From a strategy standpoint, when clients come to us wanting to use home equity to buy an investment property, we typically focus on:
- keeping loan purpose clear (so tax and tracking are cleaner)
- stress-testing repayments for rate rises and vacancies
- choosing structures that protect flexibility (instead of accidentally linking everything)
- planning an exit strategy before you buy, not after
That is how you stay calm in an inflationary market: you build a structure that can handle imperfect conditions.
Think of equity like stored water in a tank. You can use it to grow something, like an investment property, but once you open the tap, your monthly outgoings change. If the weather gets harsh (rates rise, vacancy hits, costs jump), the people who do well are those who sized the tank correctly and set aside emergency water. Equity is powerful.

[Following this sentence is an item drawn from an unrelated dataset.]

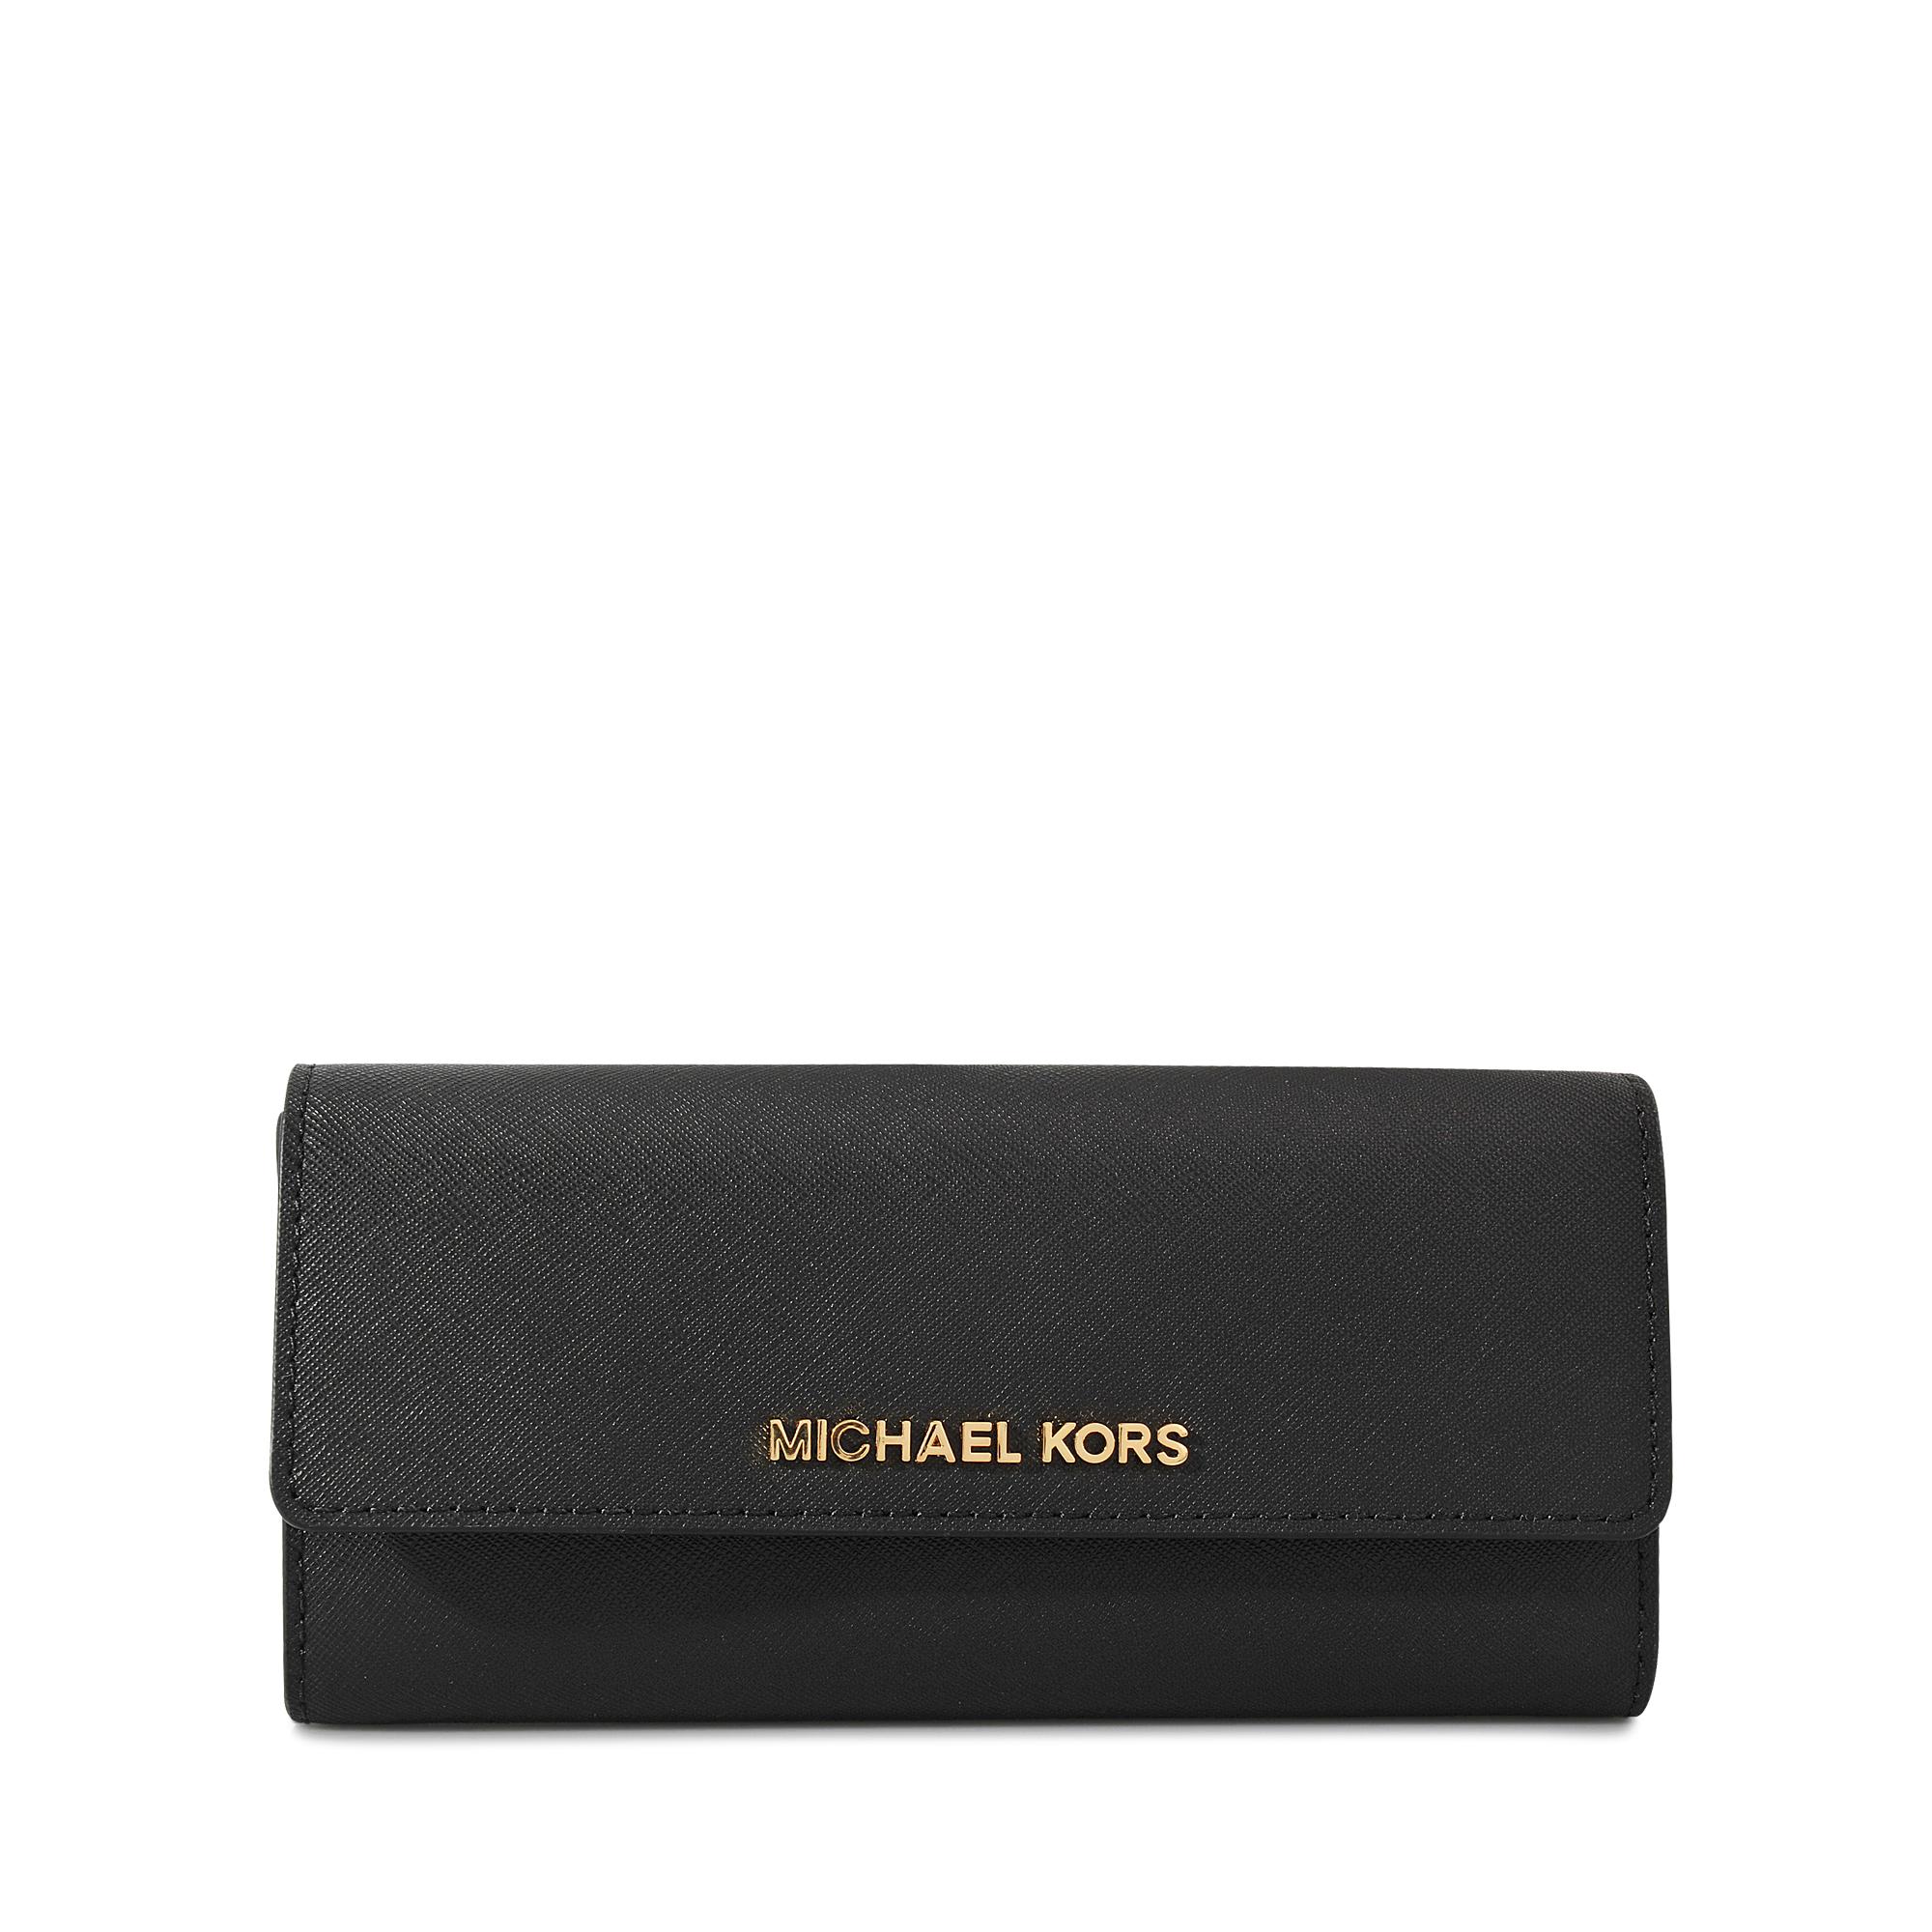 a0ca07f096f5 Michael Kors Jet Set Travel Lg Flap Carryall Wallet in Black - Lyst

Buffers are what make it safe.
Summing up
Using home equity to buy an investment property can be a smart way to move faster than saving a brand-new deposit, especially when inflation makes cash flow feel tight.
But the win is not “accessing equity”. The win is:
- knowing your usable equity (the 80% rule)
- choosing the right access method (top up, split, refinance, or carefully considered security)
- planning for rates, vacancies, and costs with a real buffer
- and keeping tax and loan purpose clean
General information only. This is not financial, legal, or tax advice. Get advice tailored to your circumstances before acting.